It’s all betting and herd mentality (and now machine-learning triggers) at the base of things. Which is the point of the reddit group, I assume.
The confusing part here is that you can borrow shares of stock, which – strange at it seems – you totally can. Some casinos lend gamblers cash or chips, too. So short selling is just another bet.
For example, I think Gamestop stock is overvalued at $20 per share, and think (i.e. wager) that its true value is $10 and will be there in two months. I “borrow” (but don’t buy) 10 shares from my broker for a couple of months and then sell the borrowed shares to someone who still thinks they’re worth $20 ea. Now I have $200 cash. Two months later, my bet turns out to be a good one – the Gamestop shares are now valued by the market at $10 ea. I buy 10 shares using $100 of that cash, use them to return the “borrowed” shares back to my broker on-time, and now have $100 in cash as profit (if the shares go lower I make more money).
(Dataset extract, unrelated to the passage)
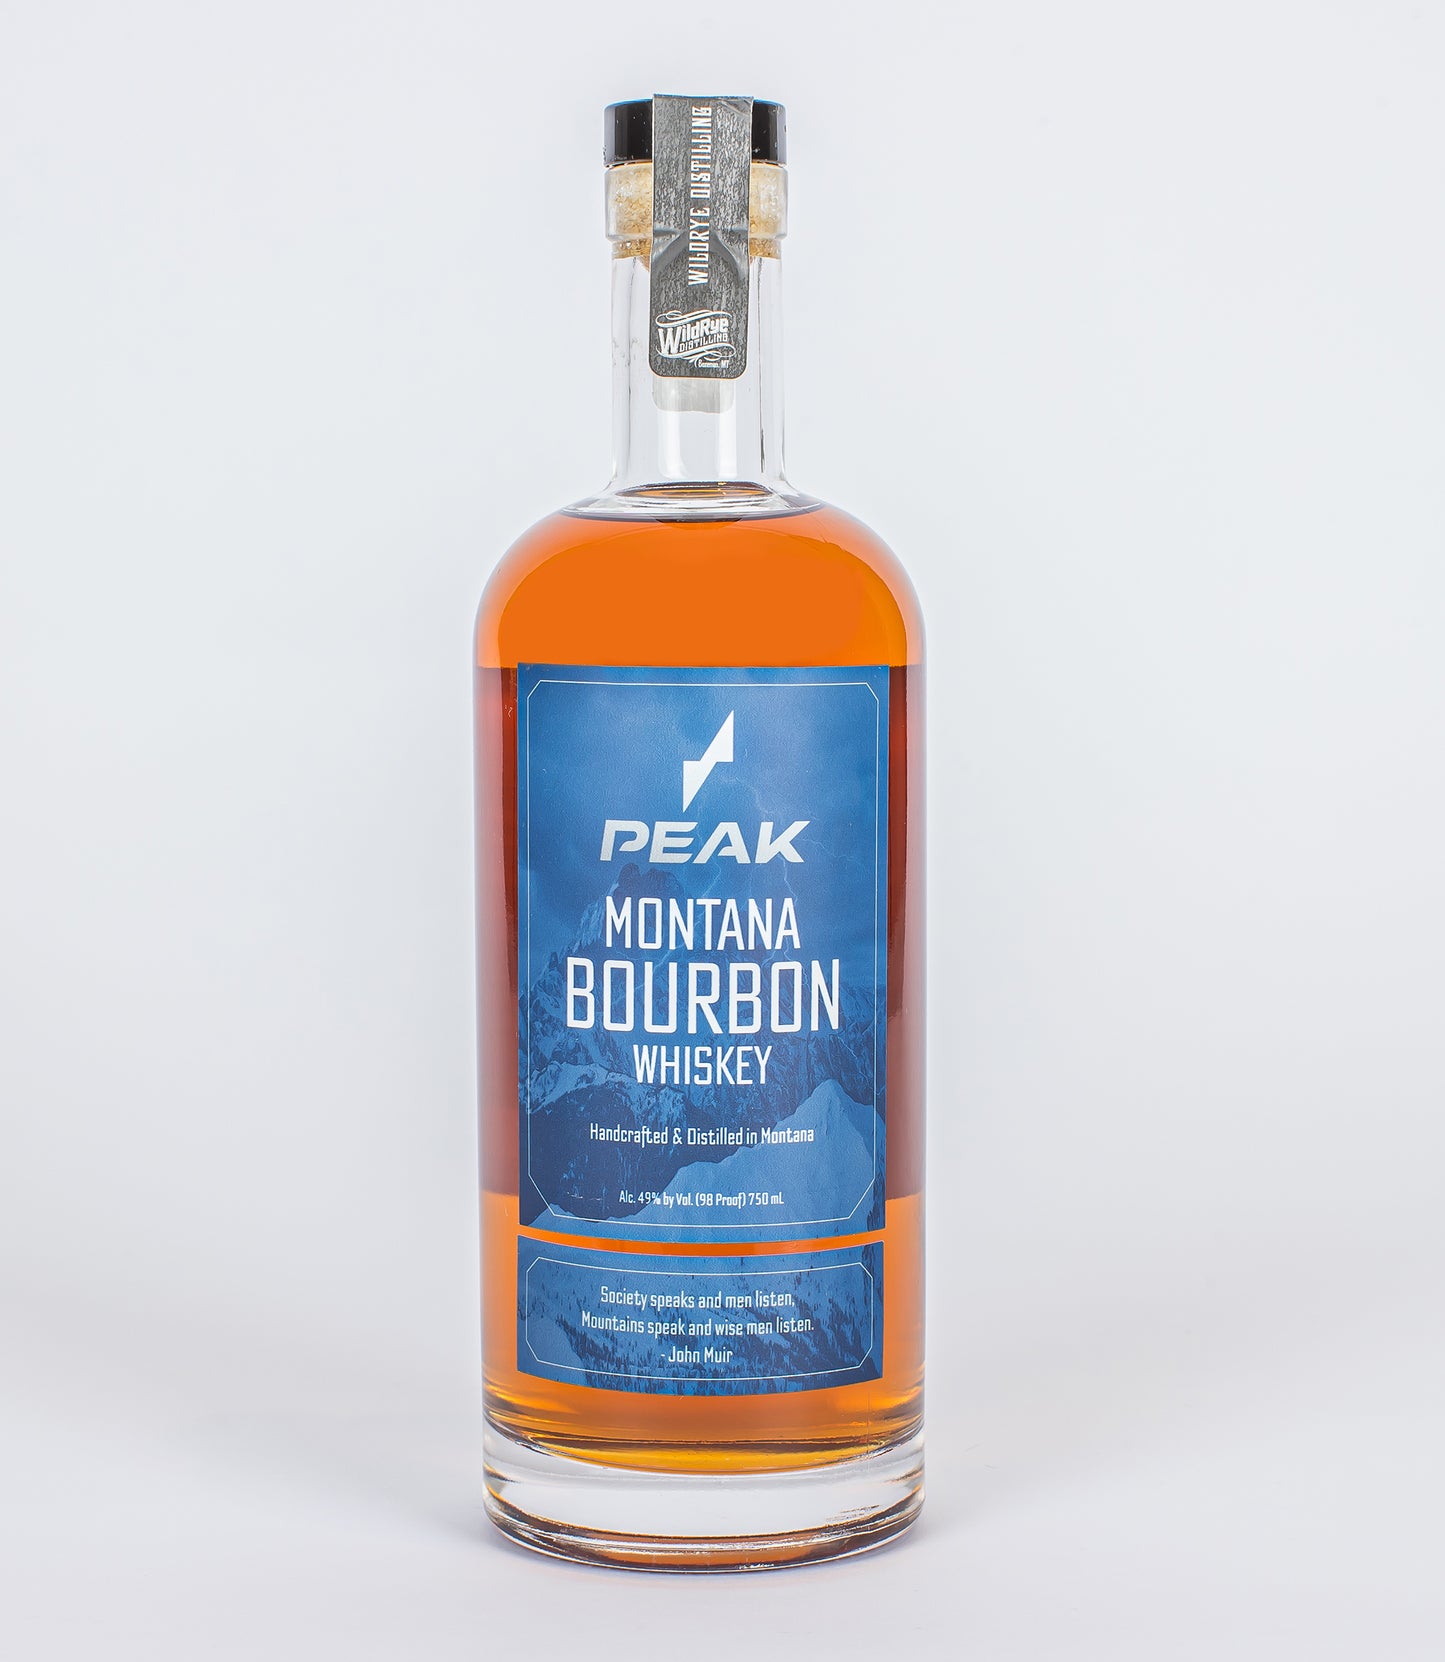 Peak Montana Bourbon Whiskey

Now suppose my bet doesn’t pay off and two months later Gamestop’s value goes to $70 a share thanks to those pesky reddit kids. I still have to return the 10 shares to the broker on time, meaning I have to buy them for $700 cash and have just lost $500 ($700 minus the $200 I made earlier). That’s why the short sellers in the story are so annoyed, but there’s nothing illegal going on so they’re screwed if the timing is bad. Such is life for gamblers.